Premièrement, les règles d’aménagement et d’urbanisme établies à l’échelon de chaque région ; dans cet esprit, les directives territoriales d’aménagement et de développement durables pourraient être rendues prescriptives, à l’instar du schéma directeur de la région d’Île-de-France. Deuxièmement, le recours au levier fiscal en combinant mesures incitatives à la densification et mesures désincitatives à l’étalement urbain. Troisièmement, le soutien à la recherche et à l’expérimentation pour un urbanisme plus compact. Naturellement, cette politique de lutte contre l’artificialisation devra prendre en compte les besoins sociaux. À cet égard, il sera essentiel de distinguer l’évolution des sols destinés aux logements des autres sols artificialisés. Les premiers pourront continuer à progresser de manière à tenir compte de la croissance démographique et de l’évolution de nos modes de vie ; les seconds devront être en priorité contenus.

La France dans dix ans

LES INDICATEURS D’UN DÉVELOPPEMENT RESPONSABLE

Une dette publique ramenée à 75 % du PIB. Malgré les efforts engagés depuis 2010, la dette publique dépassera 95 % du PIB en 2014, alors qu’elle n’atteignait que 64 % du PIB en 2006. Cette progression n’est pas soutenable : elle induit un risque de refinancement dans les années à venir, elle menace notre souveraineté, elle nous exposerait à un risque accru pour l’emploi, la croissance et l’innovation en cas de choc récessif.

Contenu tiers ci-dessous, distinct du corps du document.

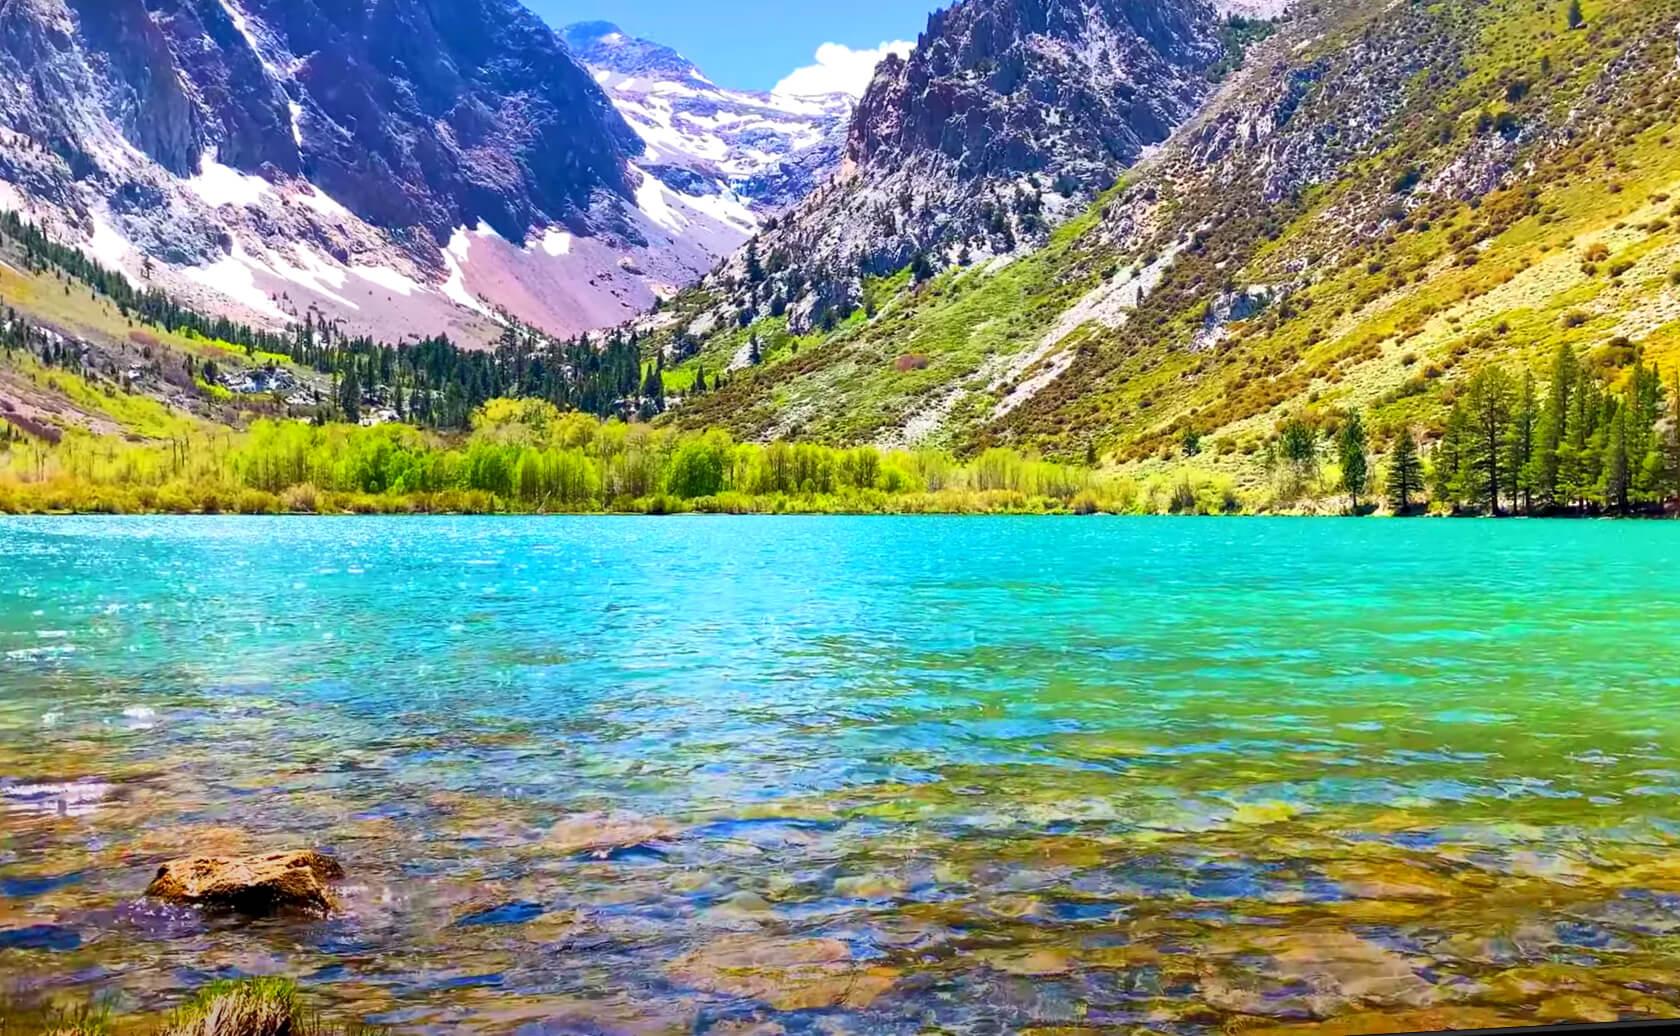 June-Lake-Fishing-Guide-Report-California-05

La stratégie de finances publiques doit être cohérente avec une réduction du ratio de dette publique à 75 % du PIB en 2025.

48,8 % du PIB pour les dépenses publiques primaires. Les dépenses publiques primaires (hors intérêt de la dette) ont atteint 54,8 % du PIB en 2013.

C’est au moins 12 points de plus qu’en Allemagne, 7 points de plus qu’en moyenne dans la zone euro. L’objectif est de diminuer ce taux de 6 points d’ici 2025.

Des émissions nationales de gaz à effet de serre réduites de 30 %1. De 1990 à 2011, la France a réduit de 12 % ses émissions nationales de gaz à effet de serre. Malgré ces efforts, son empreinte carbone – qui tient aussi compte des émissions importées – a augmenté : + 10 % sur la période. Il faut donc accentuer les efforts de maîtrise des émissions. D’ici 2030, et au vu des objectifs de réduction qui seront fixés par le Conseil européen, les émissions nationales devront avoir diminué de 30 %.

(1) Cet objectif de diminution de 30 % à horizon 2030 (et non 2025) par rapport aux émissions de 2011 devra être ajusté de manière à être cohérent avec le prochain paquet climat-énergie de la Commission européenne.

Une progression de l’artificialisation du territoire réduite de moitié. Ces dernières années, ce sont en moyenne près de 200 hectares du territoire qui sont artificialisés par jour. Ce rythme est deux fois supérieur à la croissance de la population. L’objectif est de plafonner le rythme d’artificialisation du territoire au niveau de celui de la croissance de la population d’ici 2025. Cela implique de ramener à moins de 100 hectares la surface artificialisée chaque jour.